As with other modelers, the Axe FX 3 can accept IR recordings, but it cannot profile amps and FX directly. Because of its time on the market, there are literally thousands of IRs available to download and use, but it’s a much more involved process than creating a profile with the Quad Cortex.
The Axe FX 3 does come preloaded with significantly more FX than the Quad Cortex. The Axe FX 3 features 220 different FX and like other similar modelers, the FX are built into blocks that allow for the creation of custom signal chains. The out-of-the-box FX were all really good and didn’t require much of any modification. Although if you do need to tweak parameters, you have the option to do so.
The Quad Cortex has a more limited selection of built-in FX. Out of the box, they aren’t quite as good as those found on the Axe FX 3, although with some adjustment they are as good, and in some cases better. There are 70 preset FX across 32 different blocks with 4 parallel signal paths.
One of the weaker points of the Quad Cortex is the relative lack of aftermarket support. This is changing daily, however, with more and more third-party user profiles available for download. The AFX3 boasts thousands and thousands of available IRs on the other hand, largely due to its popularity and its extended time available on the market.
While the Quad Cortex doesn’t have such a large bank of built-in FX, it is capable of capturing analog pedals in much the same way as it can capture amps and cabs thanks to Neural Capture.
If a looper is important to you, know that the Quad Cortex doesn’t have this feature. The Axe FX 3 does have a looper, although it’s not the easiest feature to set up. Don’t consider the lack of a built-in looper a dealbreaker for the QC, as it takes analog pedals well.

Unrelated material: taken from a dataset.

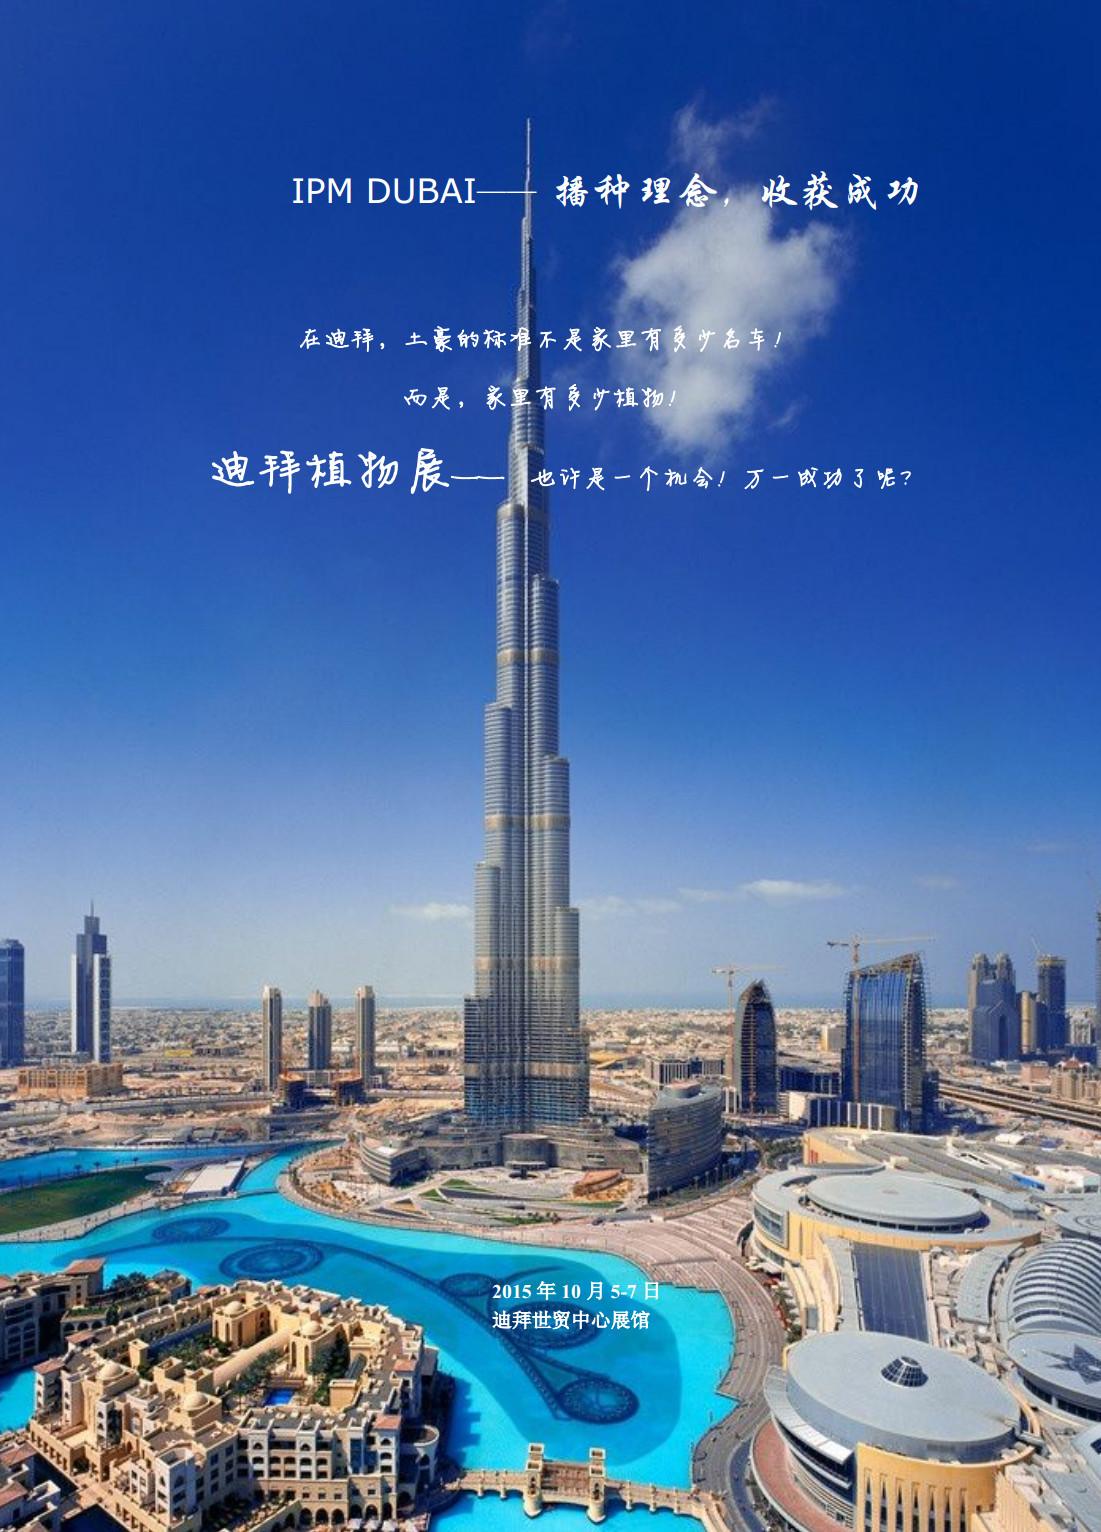 迪拜植物展,也许是一个机会!万一成功了呢?在迪拜,土豪的标准不是家里有多少名车,而是家里有多少植物

Both the QC and AFX3 can accommodate external expression pedals, and in fact, Fractal Audio manufacture 2 different pedals specifically for the AFX3 for guaranteed compatibility.
We found the playing feel of the Quad Cortex was a vastly superior experience to using the Axe FX 3. The AFX3 doesn’t feel bad, and in fact, plugged straight into a guitar, with headphone out, it feels a lot like being in a studio control room. Where it simply can’t compete is with the live feel. Using a QC provides a much more authentic pedal board type feel.
Not only is the physical feel preferable, but the more organic tone of the amplifier profiles really gives you the feeling you’re playing a real amp. And having the ability to get such accurate profiles of the world’s most famous amps makes the QC one of the single most versatile pieces of guitar equipment on the market. With the Axe FX 3, you’re getting some excellent FX and some great amp models, but there’s no escaping the fact that you know you’re playing a digital model of something.
Final Thoughts on the Neural DSP Quad Cortex vs. Fractal Audio Axe FX 3
This comparison is really a clash of the titans. What’s recognized as the best profiler on the market vs. a unit widely regarded as the best modeler. As difficult as it was to choose, there was a winner.
Because of the accuracy of the profiles, the incredible user interface, and the overall feel of using the Quad Cortex both in live and recording settings, we really believe it to be the better of the two units. The Axe FX 3 is still a great modeler and FX processor. If you have no interest in profiling and you’re simply looking for some excellent amp and FX models, it’s hard to beat. But it’s hard to ignore how much better the sound and feel of Neural Capture profiled amps and FX are than the digitally-modeled IRs.